Con el purismo sucede lo que con el racismo. La mala prensa que ambos tienen hace que todo el mundo quiera desmarcarse de ellos. A día de hoy solo algunos descerebrados se declaran paladinamente racistas; y, sin embargo, pese a la unanimidad de las protestas verbales, es fácil encontrar a nuestro alrededor, todavía, no pocas actitudes que cabe considerar como inequívocamente racistas.

Otro tanto ocurre con el purismo. Resulta que nadie es purista, que nadie quiere ser etiquetado de tal. Y sin embargo abundan, en materia de lenguaje, las tomas de postura, por parte de personas de muy variada condición, que reflejan una actitud de fondo netamente purista, es decir, alarmada por una posible, temida y al parecer siempre amenazante «corrupción», «contaminación» o «deterioro» de la lengua.

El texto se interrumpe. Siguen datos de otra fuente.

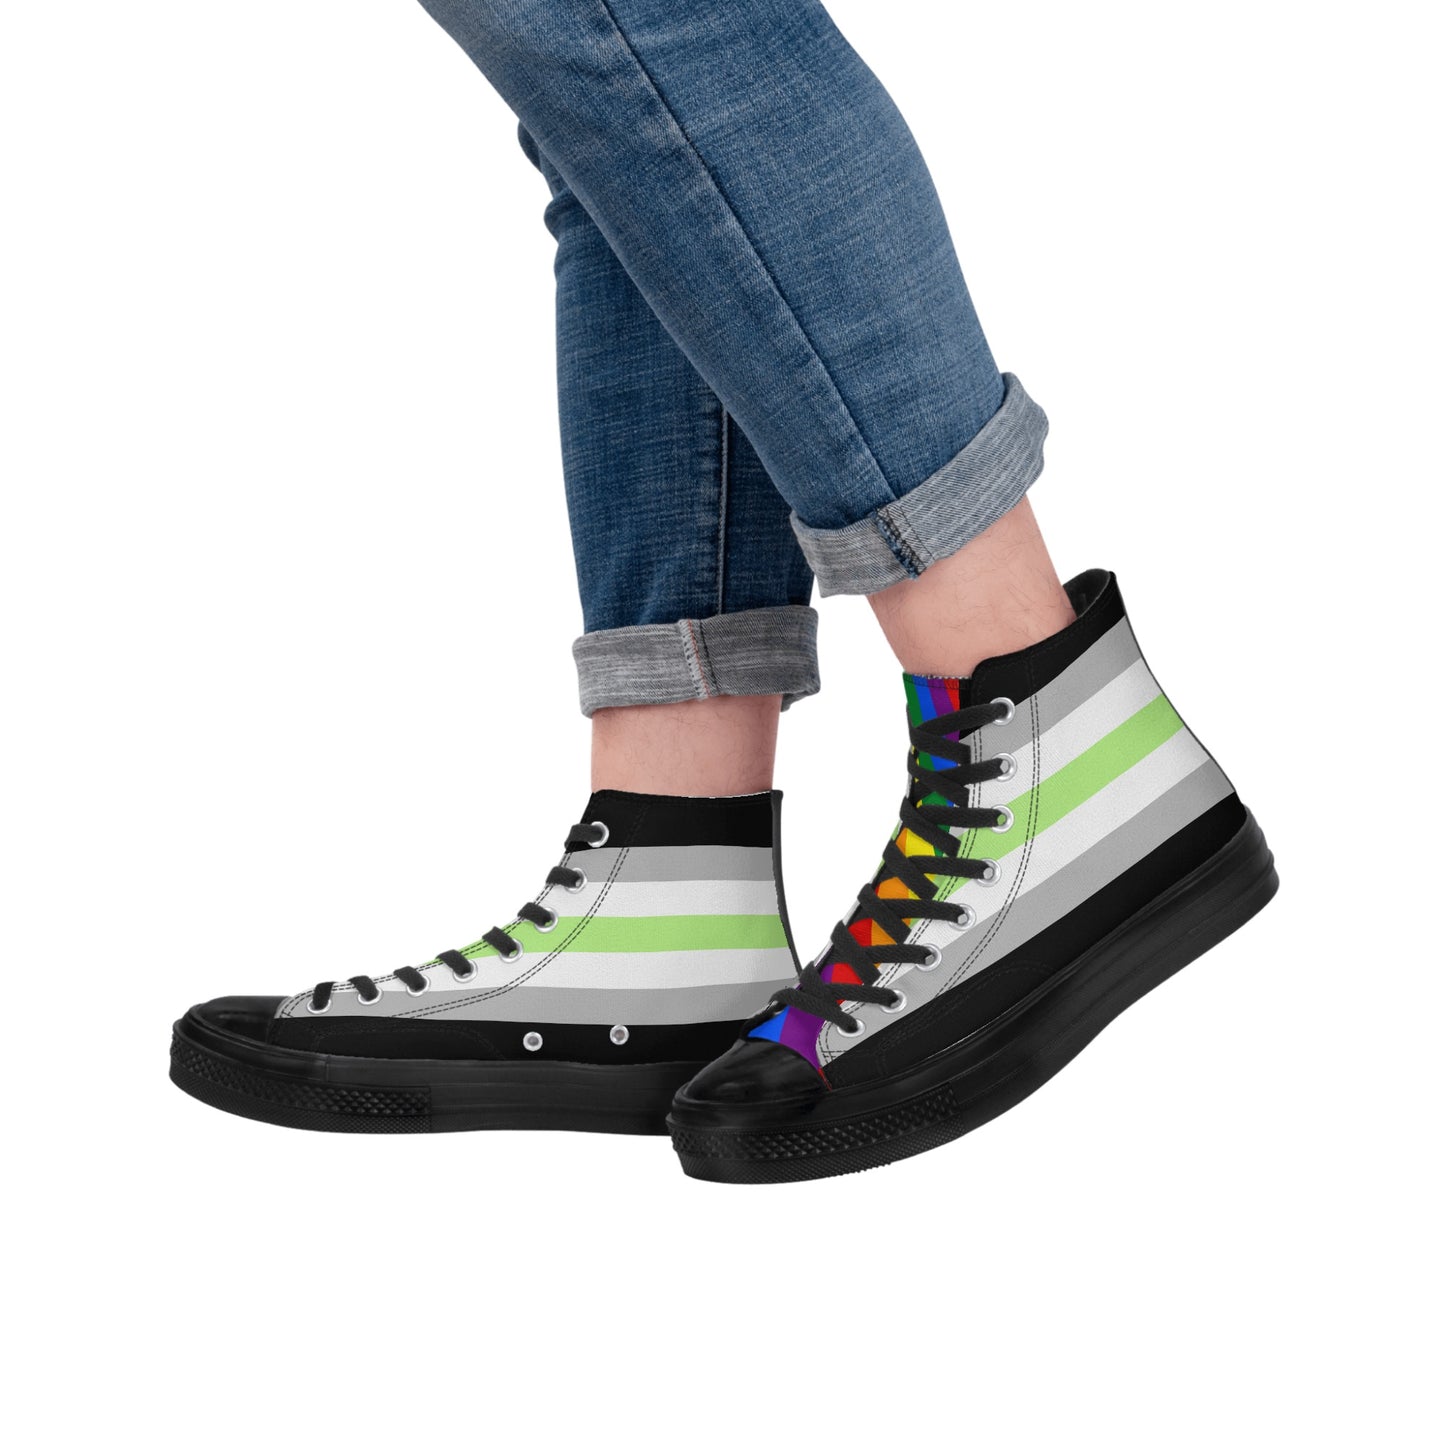 Agender Pride Collection - Mens Classic Black High Top Canvas Shoes for the LGBTQIA+ community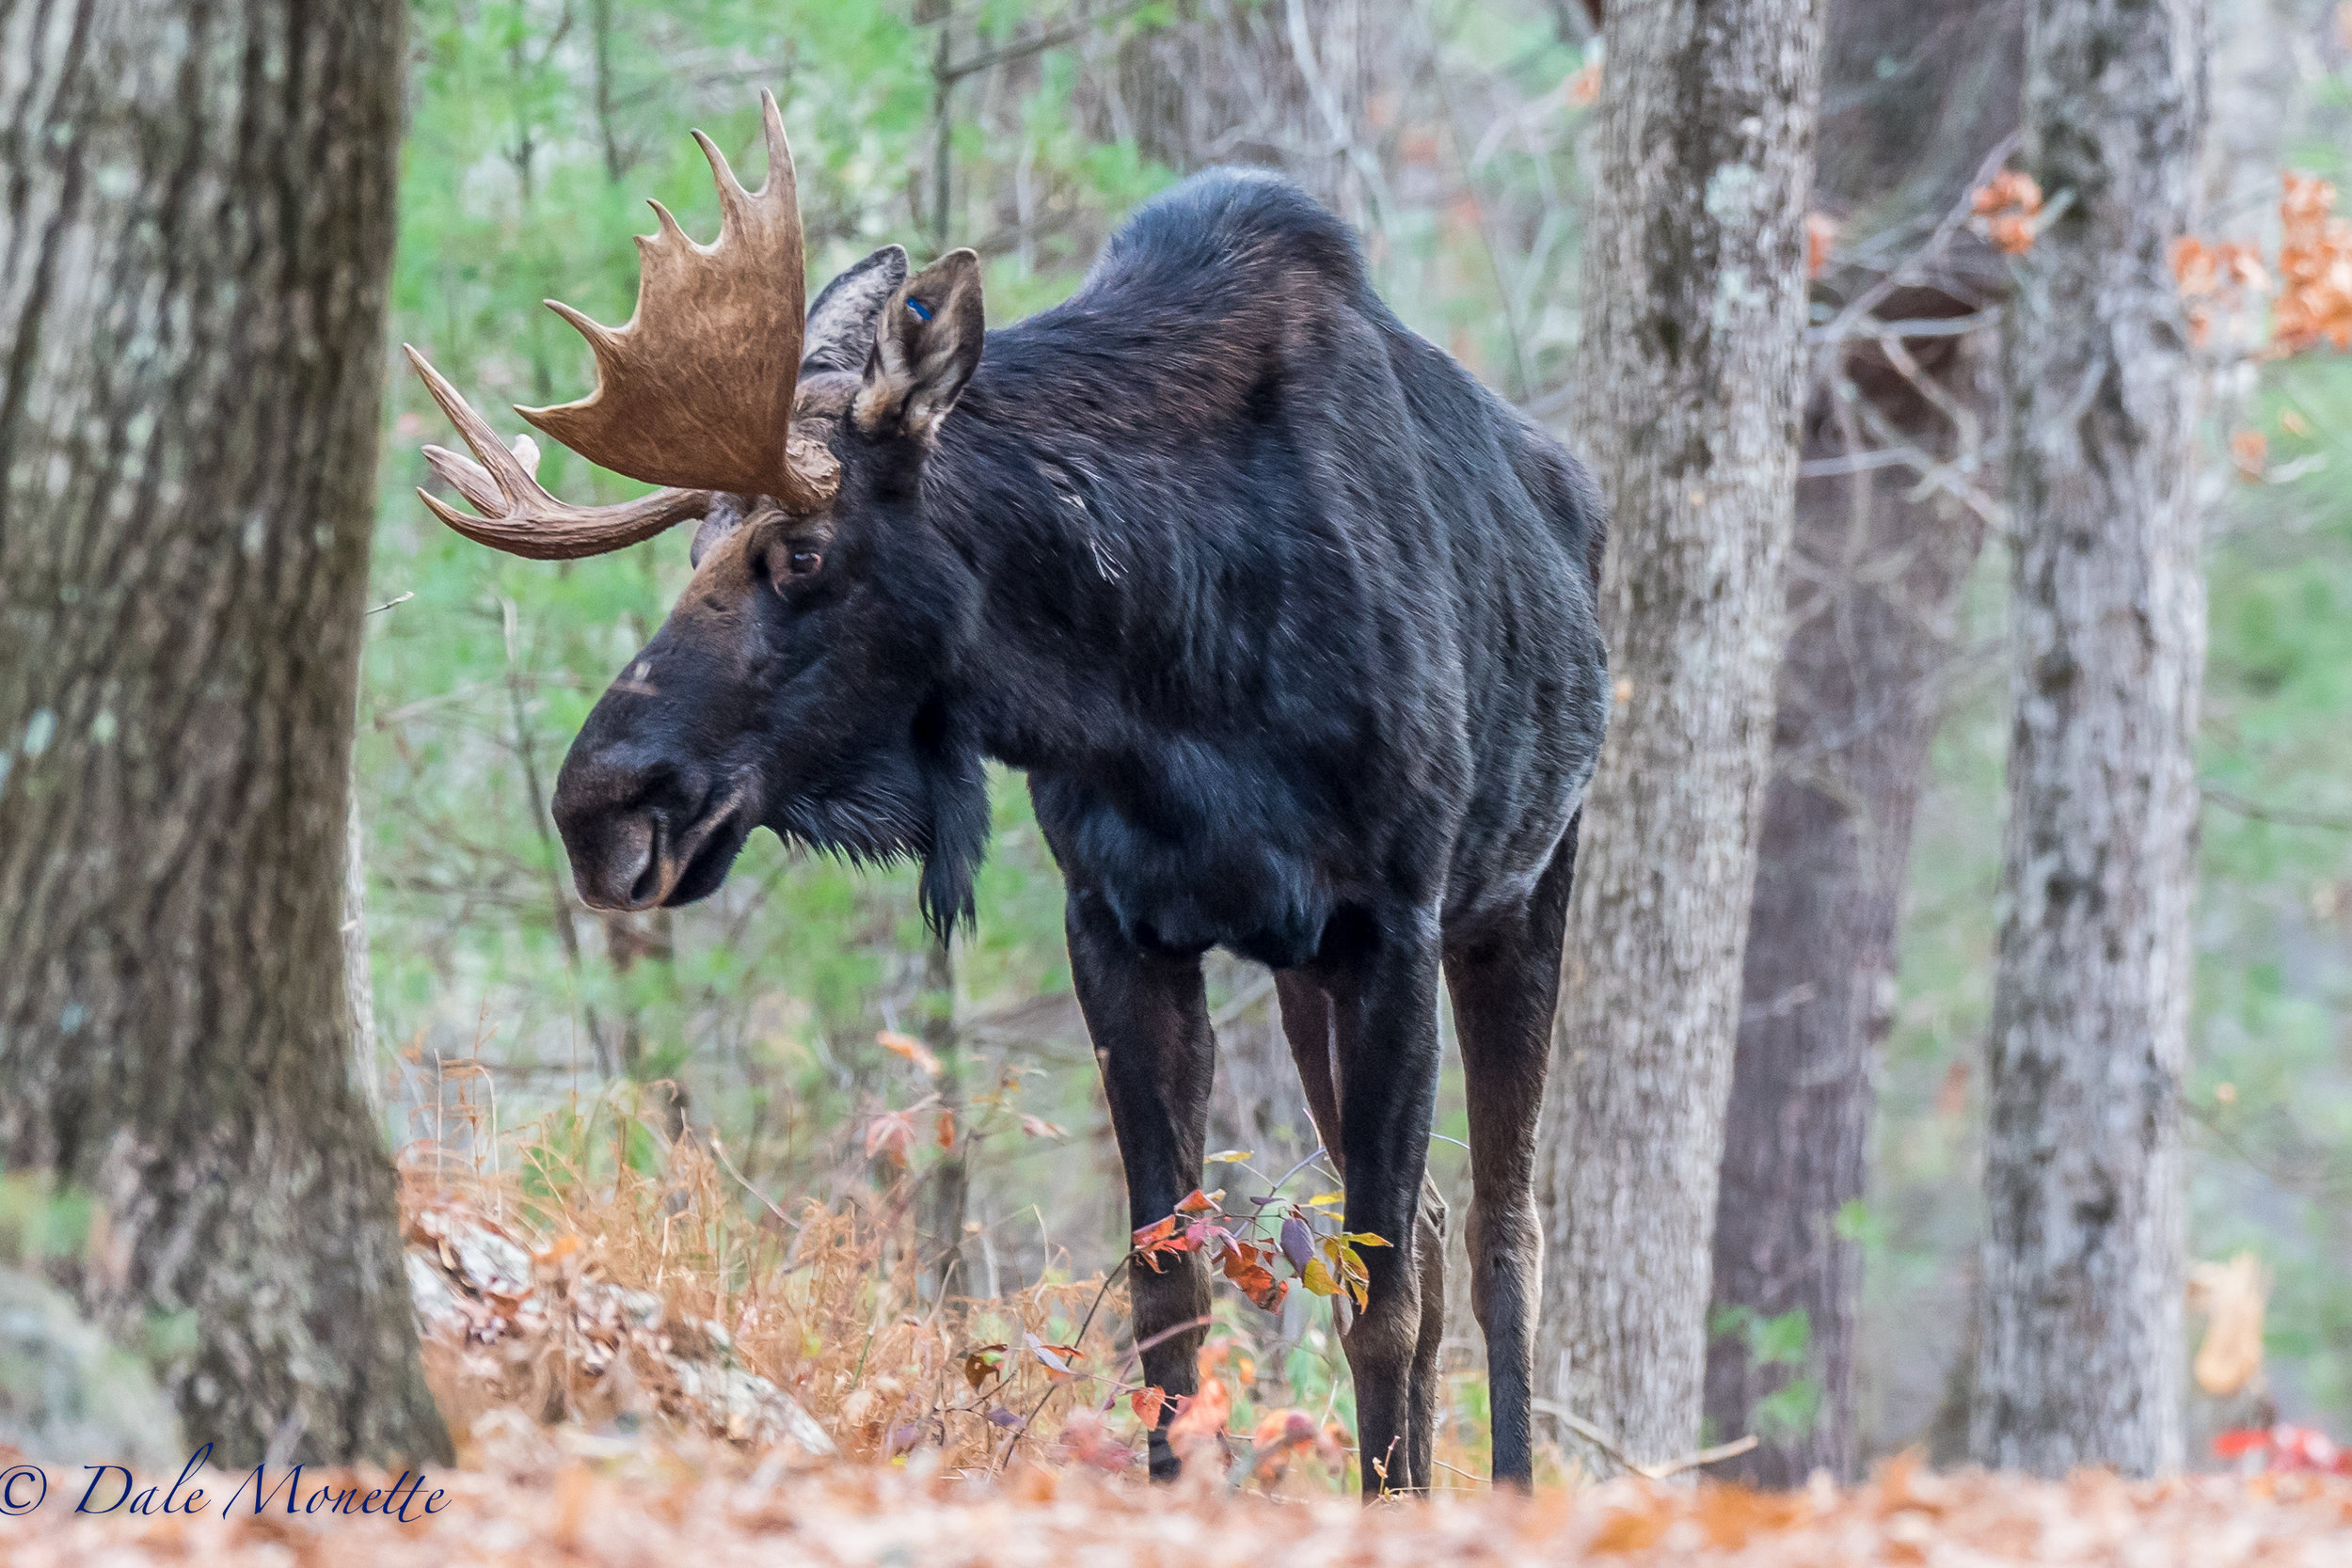   For the 3rd year in a row I've bumped into this moose at Quabbin. He's got a very distinct pair of antlers. &nbsp;Masswildlife had a radio collar on him in 2007 and they told me he could now be 12 or 13 years old. &nbsp;He was 1/2 mile from where I

Cabe situar el nacimiento del purismo, y de la palabra misma que lo designa, en el siglo XVIII, y no es poca ironía que dicho vocablo sea un calco del francés. En la lengua del país vecino puriste se documenta desde 1625 y purisme desde 1701. En la nuestra es Feijoo quien en 1742 empleó por vez primera purista, en unos párrafos admirables en que se vio obligado a defenderse frente a quienes le reprochaban exceso de liberalidad en la incorporación de voces nuevas:

Pensar que ya la lengua castellana u otra alguna del mundo tiene toda la extensión posible o necesaria solo cabe en quien ignora que es inmensa la amplitud de las ideas para cuya expresión se requieren distintas voces.

"El purista siempre es el otro. El purismo, y lo mismo que él, más adelante, el racismo, no nacen como una bandera que se enarbola, sino como una lacra que debe rechazarse."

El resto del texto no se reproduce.